Unfortunately, that is the real problem. Unlike with all previous civil rights movements, there is an ironclad religious basis for opposition. Someone who truly cared about rights and democracy would respect that there is an inherent conflict here with religious liberty and try to accommodate that. Requiring someone who feels homosexuality is a serious sin to go and attend a gay wedding to take pictures or to bake and decorate a cake for a gay wedding amounts to the government telling them they can either act according to their faith or lose their business. It hard to not see how that impacts religious liberty. Where people are forced to do things that conflict directly with their faith under threat of losing their livelihood it amounts to official state pressure to abandon closely-held religious beliefs and amount to an interference in a person's religious liberty. Would you suggest a Christian should also be required to attend a Satanist wedding as refusal would amount to religious discrimination?
Failing to recognize a marriage deprives same-sex couples of various liberties. This includes the previously mentioned death benefits, property inheritance, medical power of attorney, automatic child custody, spousal privilege in a criminal or civil case, etc.

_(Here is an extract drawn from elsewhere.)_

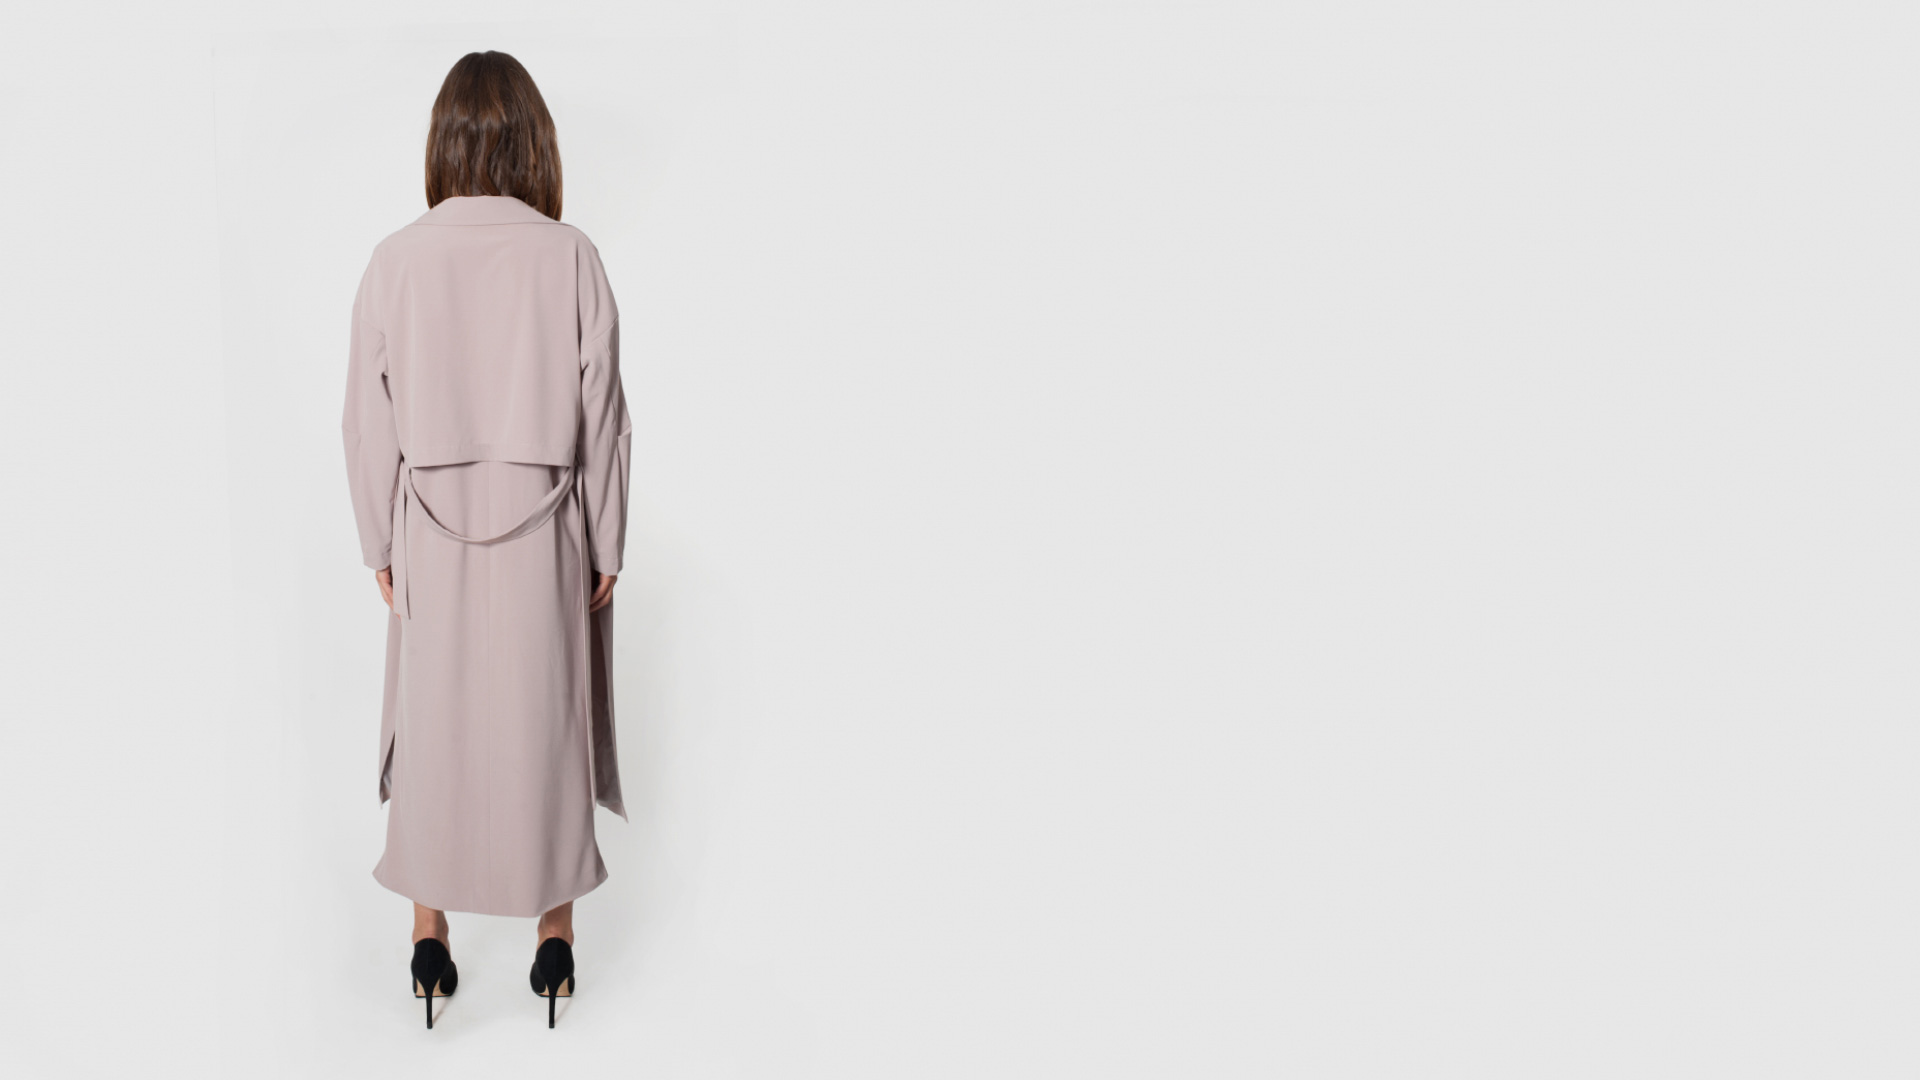 płaszcz różowy z kieszeniami
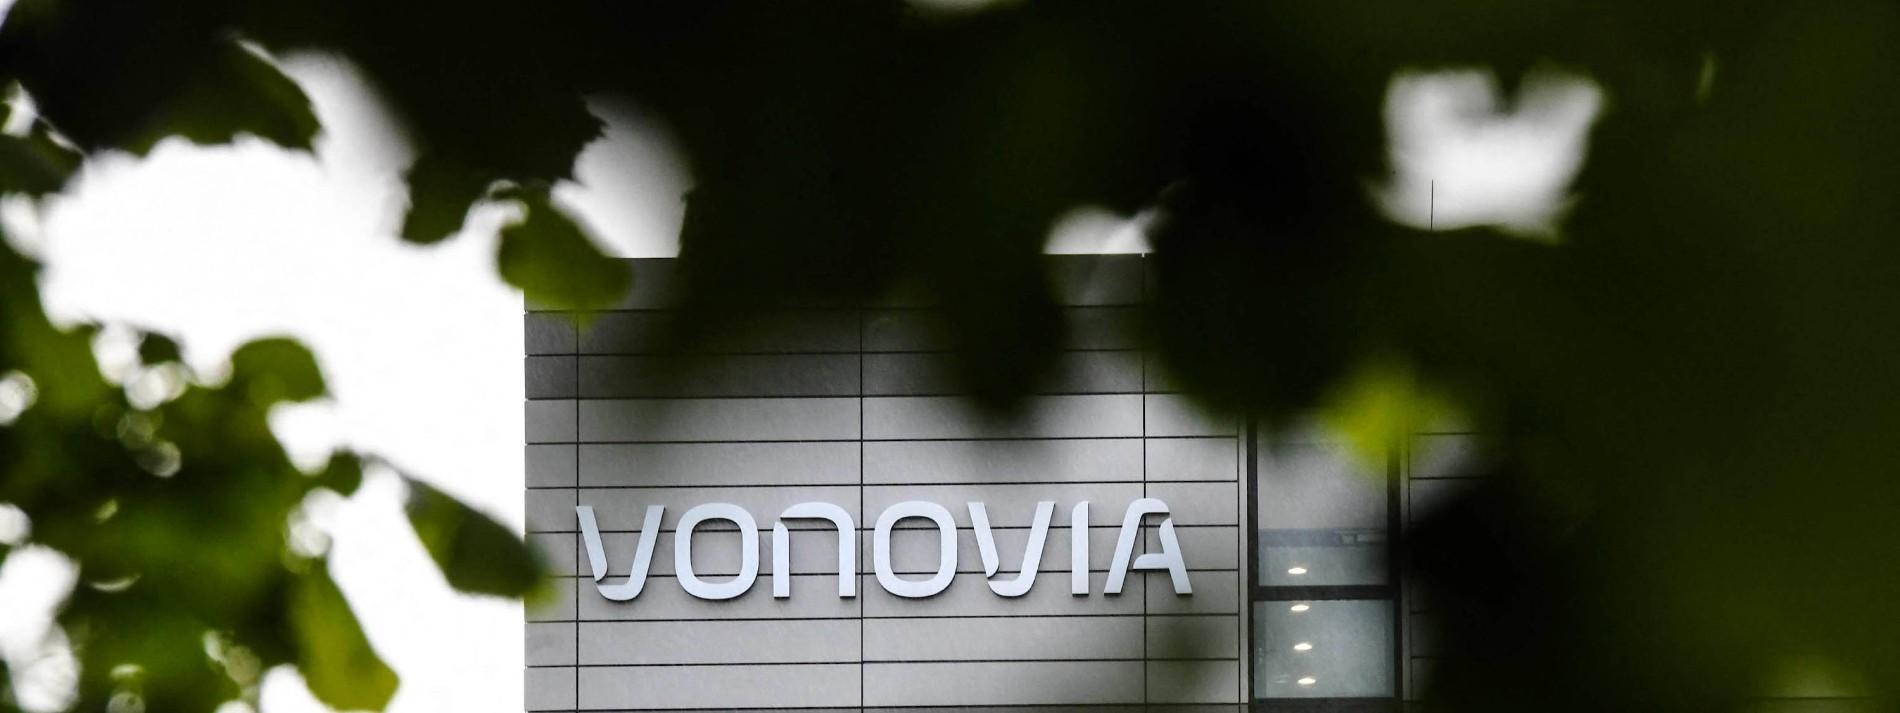 Grünes Licht für Fusion von Vonovia und Deutsche Wohnen

Only spousal privilege is something that cannot be gained through existing legal measures. I would not consider it a right either.
Irrelevant.
It is relevant when you invoke the horrific image of Jim Crow as part of your propaganda.
No, but if the state offers them at all, they must comply with the Equal Protection clause.
Under any objective interpretation they do comply. We do not have much in the way of objective judges, though.
Besides, you're wrong. Race and gender are protected classifications under the 14th amendment. Number of persons in a contract is not.
Religion is a protected classification and there are religions where polygamy is encouraged. It is not the same as children or animals as one is an issue of consent and the other an issue of personhood. Fundamentally different legal principles are at issue there. Polygamy bans could easily be argued as a product of morality being enforced through legislation and as discrimination against religions that encourage polygamy.
So you think interracial marriage bans are constitutional?
The ones that were generally on the books were unconstitutional in various ways. I would say that they were not unconstitutional in the sense of violating a "right to marry". Unlike with gay marriage "bans", which are really just legal definitions of marriage that exclude same-sex marriage along the lines of the traditional definition, interracial marriage bans were more like outright bans that imposed penalties. Whether any version of a law barring recognition to interracial marriage would have constitutional issues depends. Given the difficulties in defining and identifying race, one could argue that it would be an equal protection issue on those grounds. Basically, since certain cases would leave the validity of a marriage subject to individual opinions, it would not really offer people equal protection as a marriage could be considered interracial in one jurisdiction and intraracial in another.